■ **WHAT IS NEEDED**:
The answer must be every line from the entries below that includes "City".

########################################

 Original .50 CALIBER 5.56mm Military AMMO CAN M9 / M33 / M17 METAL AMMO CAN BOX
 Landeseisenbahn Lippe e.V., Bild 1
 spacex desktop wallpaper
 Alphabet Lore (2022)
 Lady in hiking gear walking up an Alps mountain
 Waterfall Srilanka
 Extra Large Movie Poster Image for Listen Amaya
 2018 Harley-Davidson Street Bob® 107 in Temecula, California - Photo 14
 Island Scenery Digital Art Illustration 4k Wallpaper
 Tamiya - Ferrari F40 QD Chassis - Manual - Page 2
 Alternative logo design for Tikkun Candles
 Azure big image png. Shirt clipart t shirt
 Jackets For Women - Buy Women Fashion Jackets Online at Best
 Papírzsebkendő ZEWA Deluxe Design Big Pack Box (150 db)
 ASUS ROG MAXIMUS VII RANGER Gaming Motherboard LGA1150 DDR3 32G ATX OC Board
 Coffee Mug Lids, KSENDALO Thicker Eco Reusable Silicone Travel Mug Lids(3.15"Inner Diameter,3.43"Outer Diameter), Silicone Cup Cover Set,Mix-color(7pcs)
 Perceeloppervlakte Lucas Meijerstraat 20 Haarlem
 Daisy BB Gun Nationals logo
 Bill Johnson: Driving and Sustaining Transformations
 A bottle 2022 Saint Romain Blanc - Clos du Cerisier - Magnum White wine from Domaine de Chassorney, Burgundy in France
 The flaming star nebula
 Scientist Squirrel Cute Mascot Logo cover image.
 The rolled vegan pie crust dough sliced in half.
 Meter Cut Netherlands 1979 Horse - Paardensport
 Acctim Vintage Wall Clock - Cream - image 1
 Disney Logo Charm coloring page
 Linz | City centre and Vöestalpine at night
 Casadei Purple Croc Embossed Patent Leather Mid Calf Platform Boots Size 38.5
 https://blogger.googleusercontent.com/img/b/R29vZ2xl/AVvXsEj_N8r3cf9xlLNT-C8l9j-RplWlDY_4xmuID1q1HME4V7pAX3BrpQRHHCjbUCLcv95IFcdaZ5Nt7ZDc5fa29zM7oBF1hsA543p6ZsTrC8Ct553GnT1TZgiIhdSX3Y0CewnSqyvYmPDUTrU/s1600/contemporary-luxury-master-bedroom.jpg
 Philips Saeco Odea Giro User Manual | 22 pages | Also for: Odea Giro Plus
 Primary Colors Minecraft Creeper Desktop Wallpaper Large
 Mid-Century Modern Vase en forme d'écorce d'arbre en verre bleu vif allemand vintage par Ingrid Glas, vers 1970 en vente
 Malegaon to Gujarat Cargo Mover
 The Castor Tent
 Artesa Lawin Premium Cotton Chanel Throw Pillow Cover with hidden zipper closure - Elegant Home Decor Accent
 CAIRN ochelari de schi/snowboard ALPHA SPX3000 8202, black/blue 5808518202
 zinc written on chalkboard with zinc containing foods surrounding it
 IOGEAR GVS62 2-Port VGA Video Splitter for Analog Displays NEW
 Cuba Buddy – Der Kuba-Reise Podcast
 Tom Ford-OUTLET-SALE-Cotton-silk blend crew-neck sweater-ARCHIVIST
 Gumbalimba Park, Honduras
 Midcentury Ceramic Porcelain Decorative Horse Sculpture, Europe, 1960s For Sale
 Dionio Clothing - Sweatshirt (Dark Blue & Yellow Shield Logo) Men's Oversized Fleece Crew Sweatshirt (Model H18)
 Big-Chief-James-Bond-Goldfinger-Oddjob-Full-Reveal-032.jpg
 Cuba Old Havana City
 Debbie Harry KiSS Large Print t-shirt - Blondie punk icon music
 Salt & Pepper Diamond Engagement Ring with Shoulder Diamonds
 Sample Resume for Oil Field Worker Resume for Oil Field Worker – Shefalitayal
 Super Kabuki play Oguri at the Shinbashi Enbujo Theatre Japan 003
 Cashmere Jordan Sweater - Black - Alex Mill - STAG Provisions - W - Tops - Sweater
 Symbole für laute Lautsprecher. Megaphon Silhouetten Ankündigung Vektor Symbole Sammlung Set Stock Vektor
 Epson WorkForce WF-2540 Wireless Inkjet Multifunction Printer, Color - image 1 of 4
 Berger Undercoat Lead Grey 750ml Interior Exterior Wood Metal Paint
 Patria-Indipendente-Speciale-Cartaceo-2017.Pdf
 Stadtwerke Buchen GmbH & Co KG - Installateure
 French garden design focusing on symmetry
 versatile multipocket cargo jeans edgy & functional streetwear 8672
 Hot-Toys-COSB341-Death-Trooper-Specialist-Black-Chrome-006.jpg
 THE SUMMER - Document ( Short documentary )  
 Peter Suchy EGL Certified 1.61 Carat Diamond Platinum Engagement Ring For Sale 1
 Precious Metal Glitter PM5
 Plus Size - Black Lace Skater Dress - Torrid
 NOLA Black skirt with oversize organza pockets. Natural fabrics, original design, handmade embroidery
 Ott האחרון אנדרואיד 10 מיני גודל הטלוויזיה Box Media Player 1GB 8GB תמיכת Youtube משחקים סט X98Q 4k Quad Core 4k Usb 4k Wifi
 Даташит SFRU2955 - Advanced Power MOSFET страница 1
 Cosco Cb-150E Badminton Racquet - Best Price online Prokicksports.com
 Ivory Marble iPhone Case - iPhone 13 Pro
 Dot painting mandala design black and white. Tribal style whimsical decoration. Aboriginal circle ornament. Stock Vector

########################################

■ **RESPONSE BOX**:
 Linz | City centre and Vöestalpine at night
 Cuba Old Havana City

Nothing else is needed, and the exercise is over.